The key here is speed, while not sacrificing accuracy, which aims to liberate many from the standard 48-hour wait for results.
The implications cannot be overstated and Toumazou outlined just a few of the key beneficiaries: those awaiting urgent surgery, airports, maternity wards and even those who are sometimes forgotten such as mental health patients.
But the question on many people’s lips will inevitably be: why was Toumazou and his start-up able to create this Covid-19 test kit and not somebody else?
Essentially, Toumazou had most of the tools ready and slightly tweaked them.
His Covid-19 test was adapted from a previous iteration of his testing kit, DnaNudge’s consumer test, which launched last year. It analyses a user’s genetic profile to display their biological map and identifies traits such as obesity, hypertension and cholesterol.
It then aids users by “nudging” them towards lifestyle choices which aim to minimise potential risks.
He explained that it works like a traffic like system, whereby a person downloads the app or uses a wearable and scans food items in supermarkets. According to your profile, goods then come up as either red or green.
“But you know, the best diet is the one you don’t know that you’re having, the whole point was to demystify the whole process so that people are closer to the science,” he said.
“If you know that your own biology is saying ‘that’s green for you and not red for you’ then it’s a biological traffic light system and not a marketing one, you know you’re not being conned into a one suits all.”
But how did he recalibrate this system?
“We repurposed the test and most of the technology had already been developed, it was a matter of just changing the chemistry on the chip to detect Covid-19,” Toumazou said.
“So, we then just repurposed it so that [it functions] almost like a fishing bait, and if you got it, it bites. Very binary, you’ve either got the genes of Covid-19 or you don’t,” he said.

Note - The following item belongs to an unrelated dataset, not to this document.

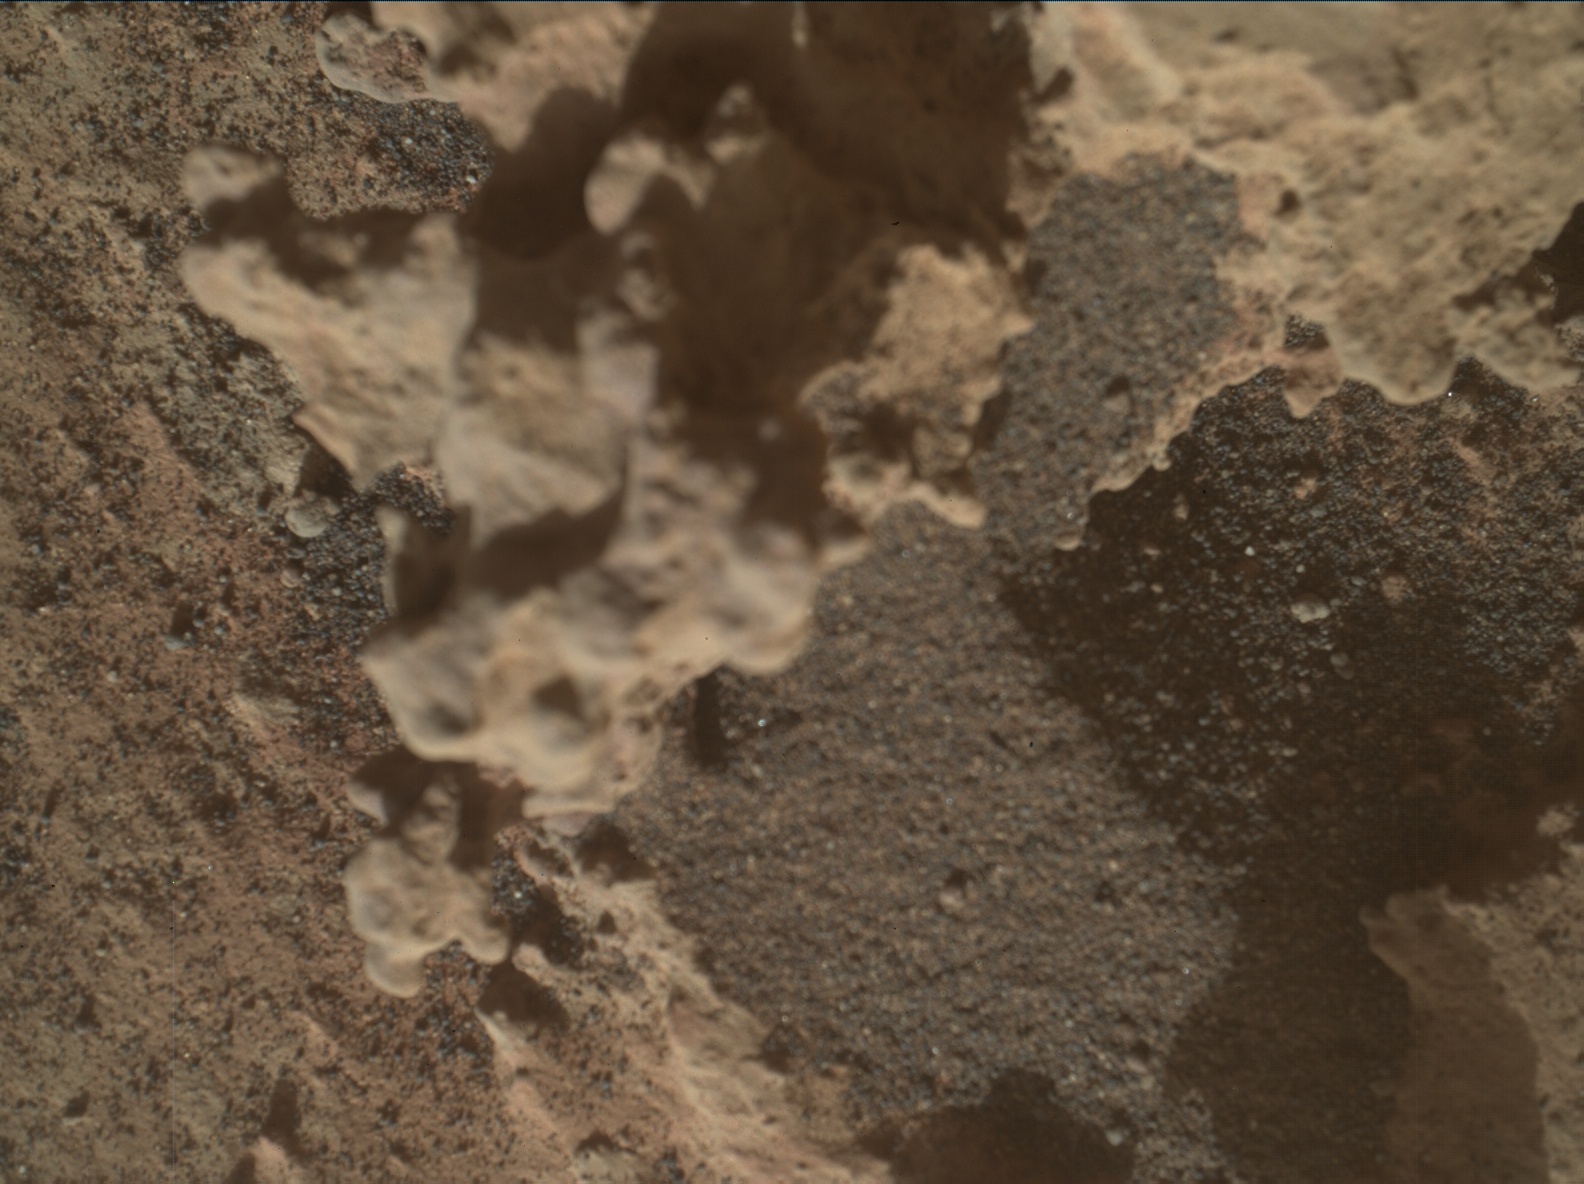 Nasa's Mars rover Curiosity acquired this image using its Mars Hand Lens Imager (MAHLI) on Sol 3146

Toumazou previously worked with Public Health England as the chief medical officer on the epidemic of obesity in the UK.
As he explained: “They knew about my work for a simple consumer test, the utility of our test was borne from the consumer world, so when Covid-19 came along, it seemed almost like a marriage in heaven to repurpose it for Covid-19.”
Toumazou’s innovation might not be a silver bullet in itself. Many hope that will come in the form of a vaccine at some point in 2021. But the 90-minute test kits offer both greater freedom and security in our uncertain world.